Я сглатываю и, не разрывая зрительного контакта, касаюсь пуговки под воротом. Да к черту! Если он не стесняется, то и я не буду. Решительно расстегиваю пуговицы и почти синхронно с ним разоблачаюсь из рубашки. А затем моя смелость вспыхивает огнем смущения, потому что я вижу перед собой четкий рельеф грудных мышц, напряженного пресса и крепких рук.
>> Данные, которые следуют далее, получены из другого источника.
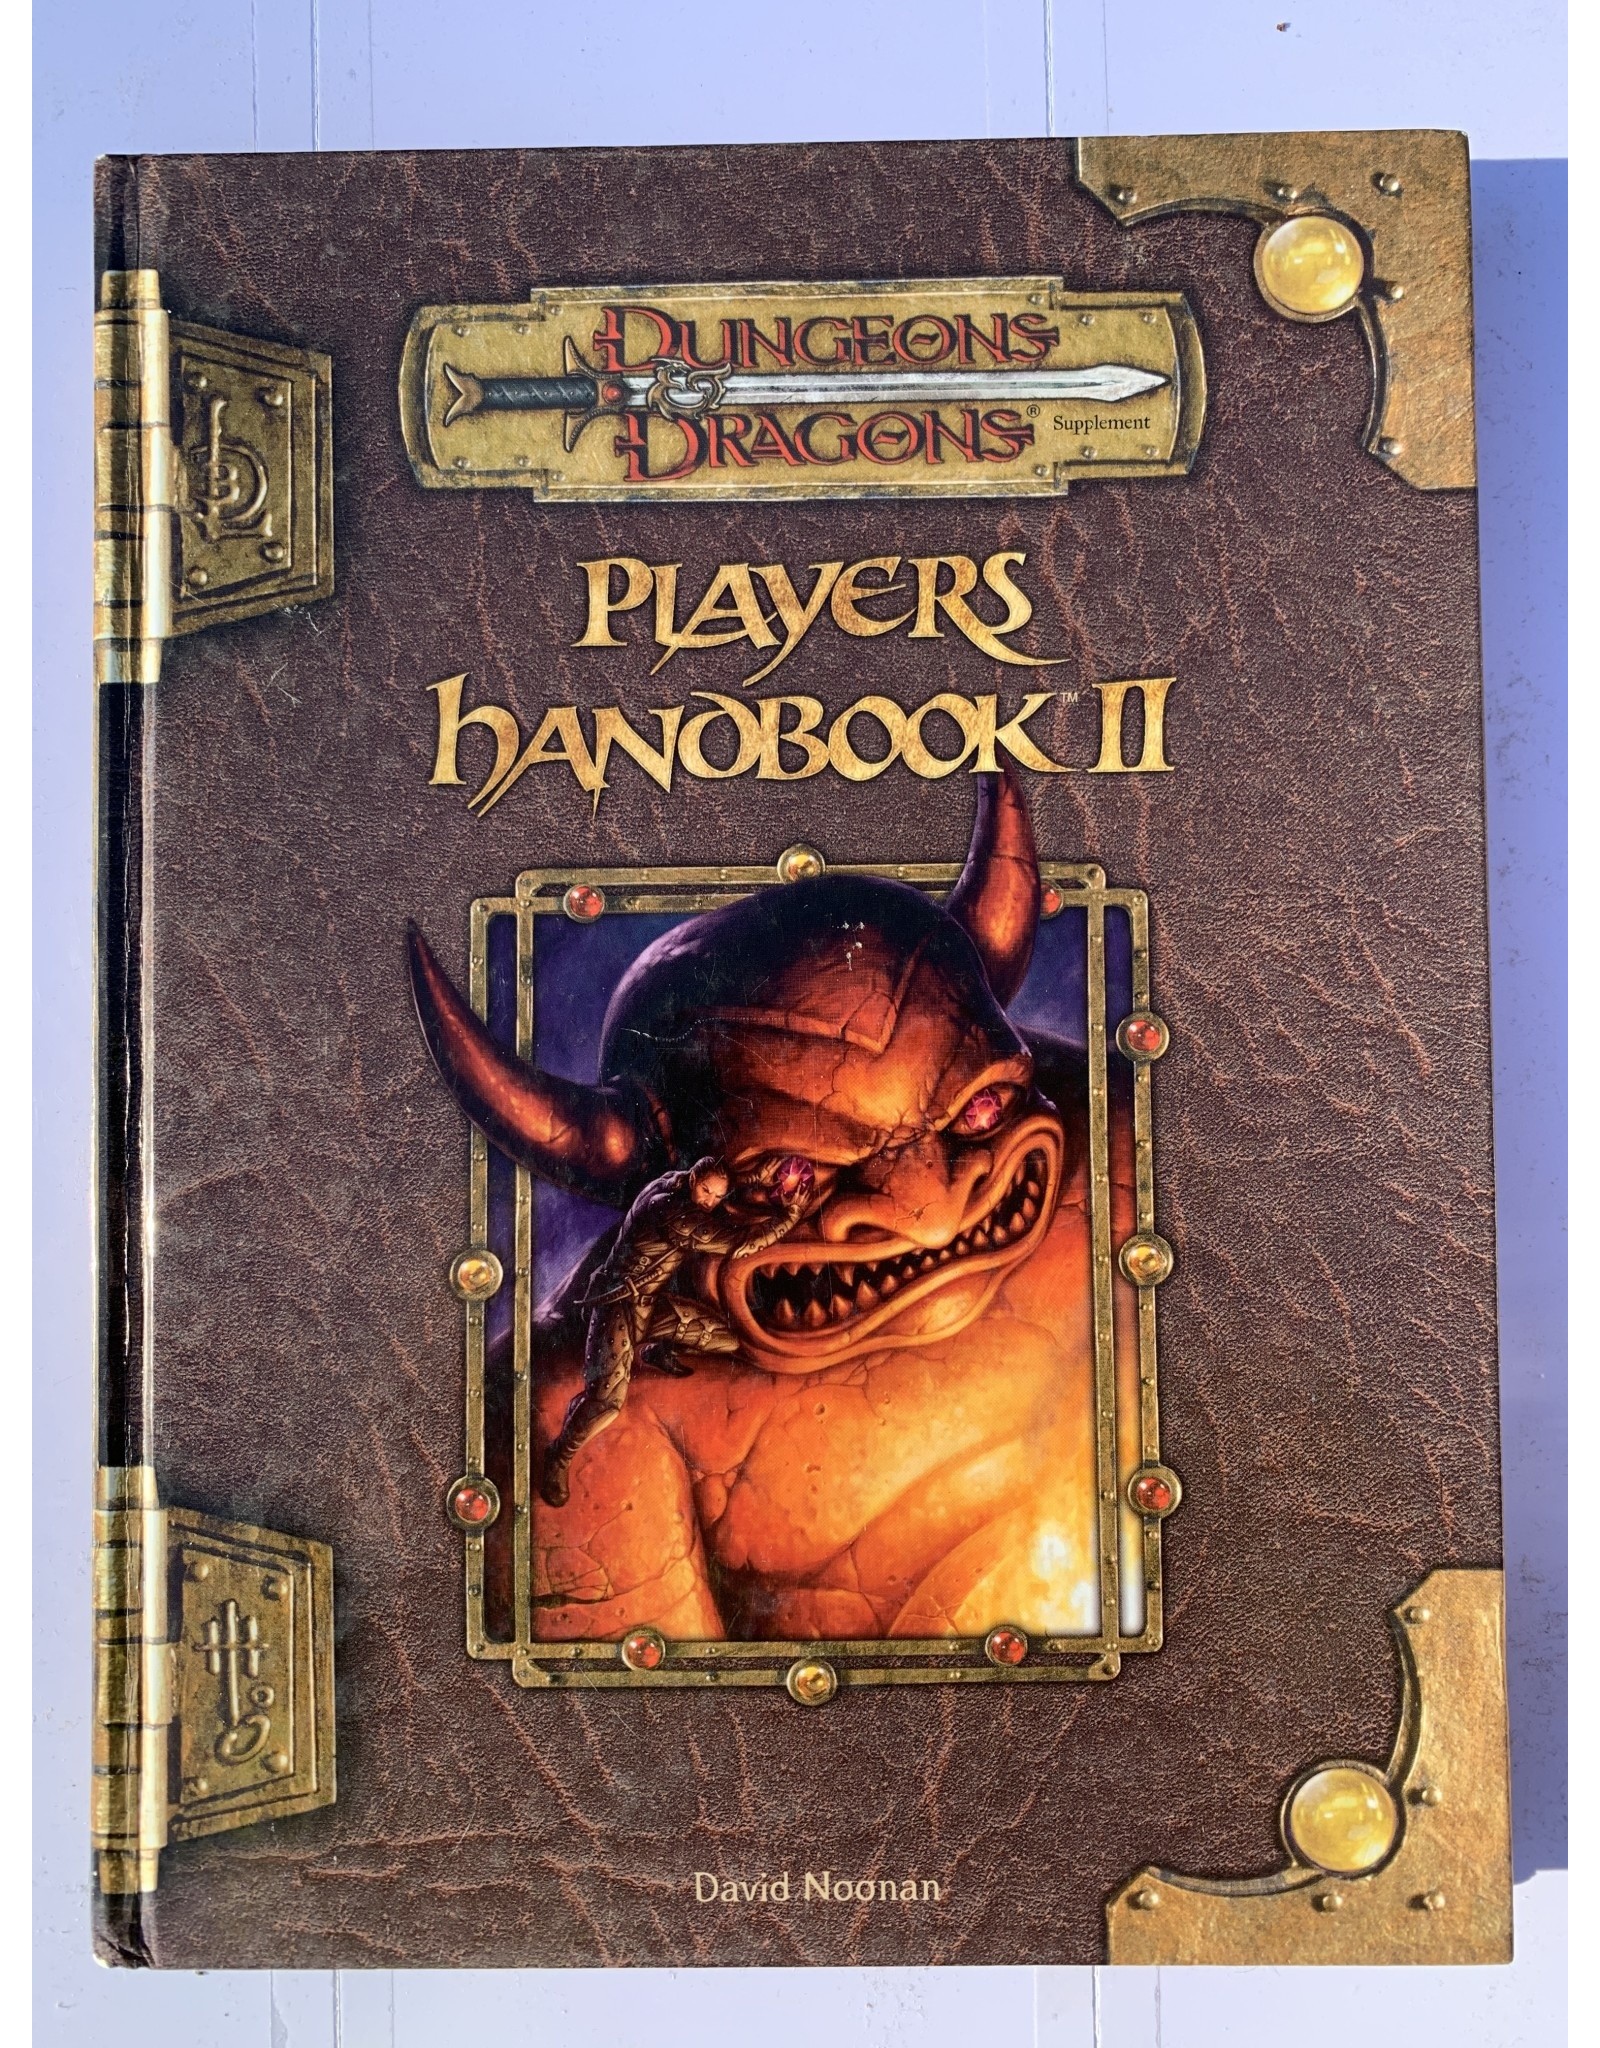 Wizards of the Coast Dungeons & Dragons (3.5 Edition) - Players Handbook II (2001)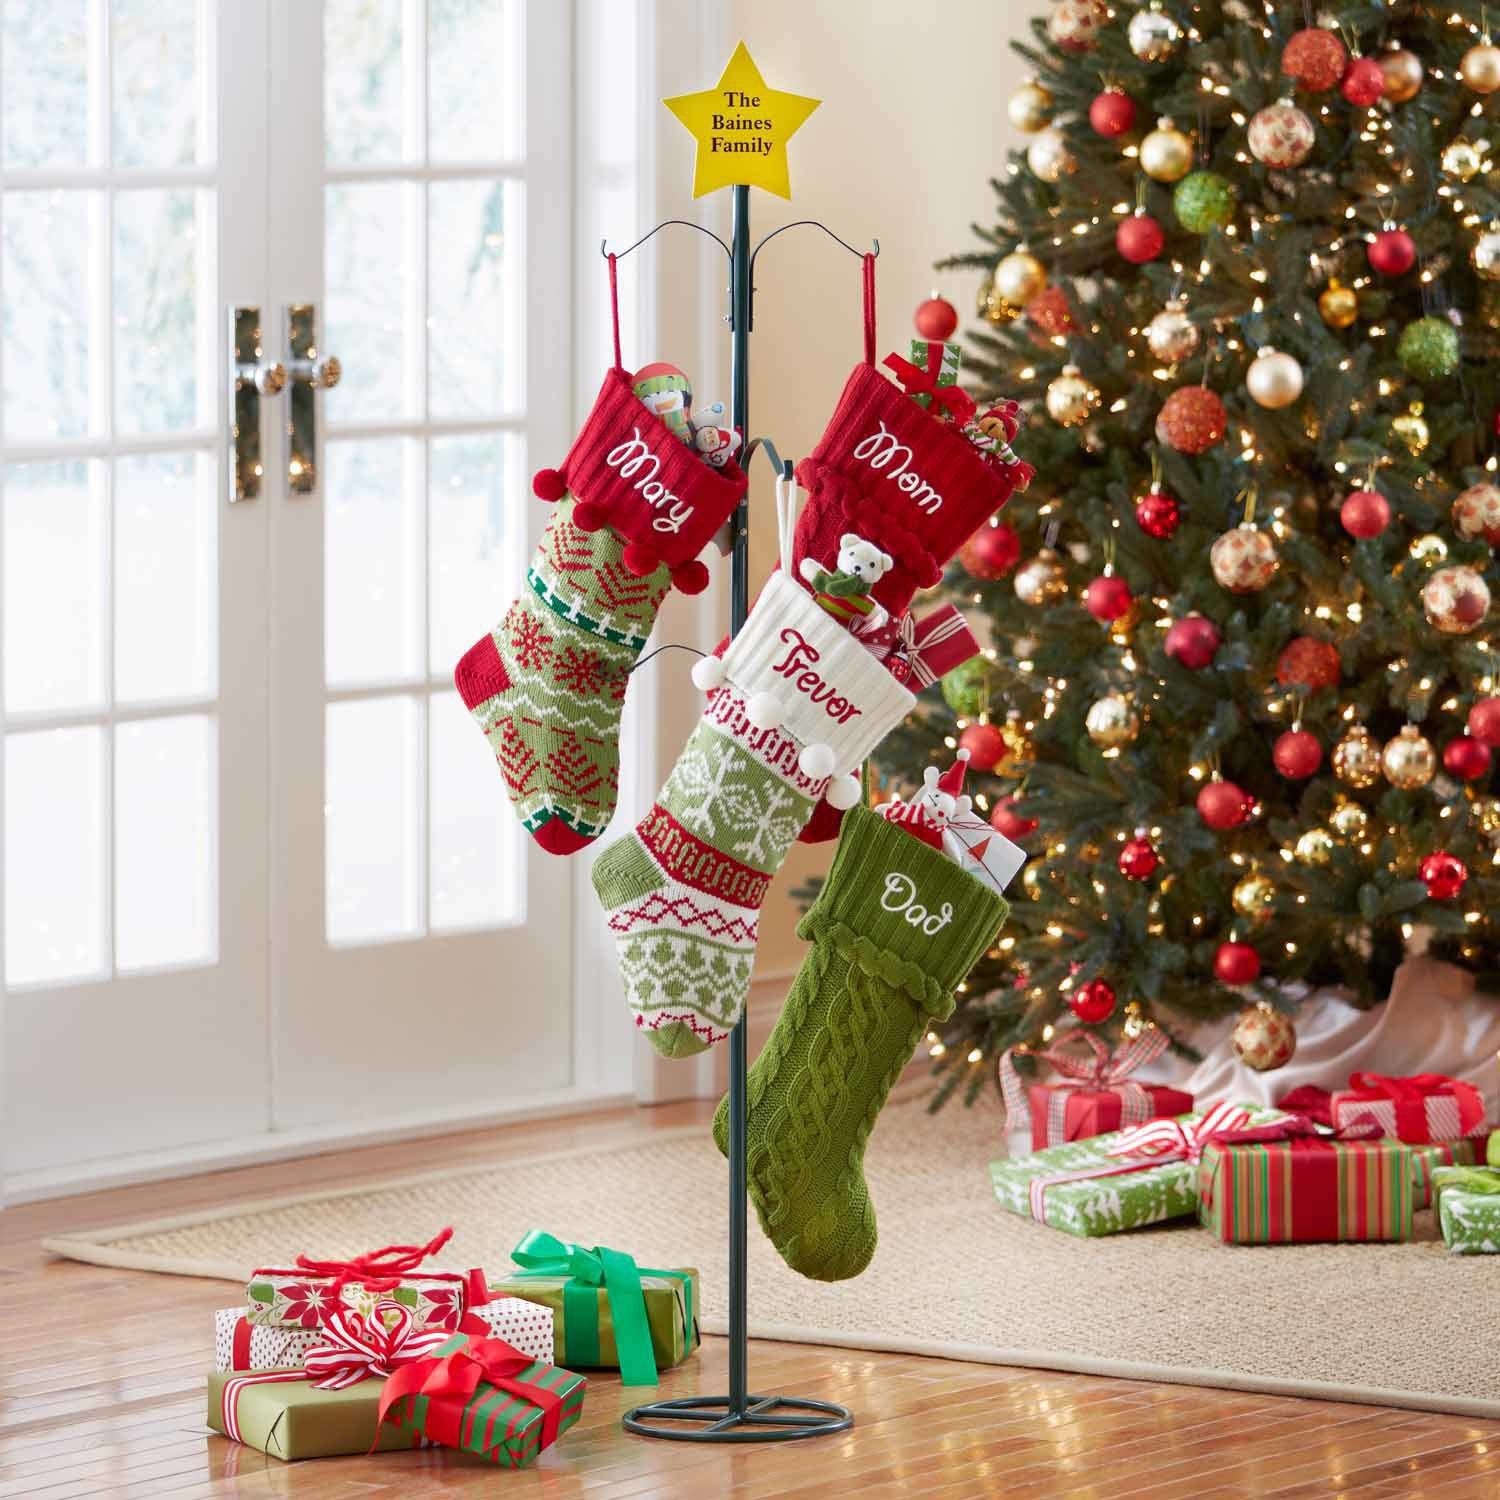 The stocking holder with a personalized star at the top holding four stockings

— Я снимаю часы, ты бюстгальтер, — хрипло шепчет Виктор, и я завороженно киваю.
Часы лежат на бортике раковины, и я завожу руки за спину. Шумно выдыхает, когда я оголяю грудь с предательски торчащими сосками. Расстегивает ремень, ширинку, и у меня горят не только щеки, но полыхают огнем уши и шея.
— Не надо… — поскуливаю я, но брюки сползают на пол.
Глаз не могу оторвать покачивающегося эрегированного члена. Почему он такой большой? Толстый ствол покрыт синими вздутыми венками, а темная гладкая головка слегка поблескивает под искусственным светом ярких лампочек. Рассматриваю завитки волос на лобке, затем пробегаю взглядом по мускулистым ногам и закусываю губы, потому что нагота Виктора меня не пугает, а будит трепет.
— Твоя очередь.
Я стягиваю юбку, и готова потерять сознание.
— Я носки, ты трусики.
Согласна, носки все портят, и ему надо срочно от них избавиться. Кидаю трусики в сторону, и мы в молчании стоим друг перед другом нагие и возбужденные. Виктор проявляет чудеса терпимости и сдержанности и не кидается на меня, хотя я вижу его желание воочию.
— Коснись меня, если хочешь.
— Разве я могу?
— Почему нет?
— Это неправильно, — шепчу я и сжимаю ладони в кулаки, чтобы побороть желание коснуться гладкой кожи и твердых мышц на груди.
Виктор красивый. Его бы на обложку мужского журнала, чтобы стыдить обрюзгших и ленивых читателей, у которых пресс скрыт за толстым слоем жира.
— Тогда я коснусь тебя.
Я вздрагиваю и отступаю к двери, когда Виктор делает ко мне шаг.
— И отказы не принимаются, — он ласково улыбается и протягивает руку к моему лицу.
Глава 17. Его девочка
Виктор касается ладонью щеки, вглядываясь мне в глаза. Он стоит так близко, что его член упирается мне вниз живот почти под самым пупком. Странное ощущение. Неприязни нет, есть легкий испуг и удивление. Я голая перед нагим мужчиной.
— Ты красивая.
Ладонь скользит по шее, плечу и груди. Замирает, поглаживает грудь, мягко ее сжимает и пропускает сосок сквозь пальцы. Его рука теплая, сухая, а глаза подернуты блеском возбуждения. Ладонь спускается к талии, а затем бежит к пояснице. Притягивает к себе, и чувствую животом его твердую горячую плоть, которая едва заметно вздрагивает. Обнимает, прижимая к себе, и я шумно выдыхаю. Он весь напряжен, и я в его руках так маленькая и беззащитная. Виктор может со мной сделать все что угодно, и у меня нет шансов отбиться от него, но он только поглаживает, целует и тяжело дышит.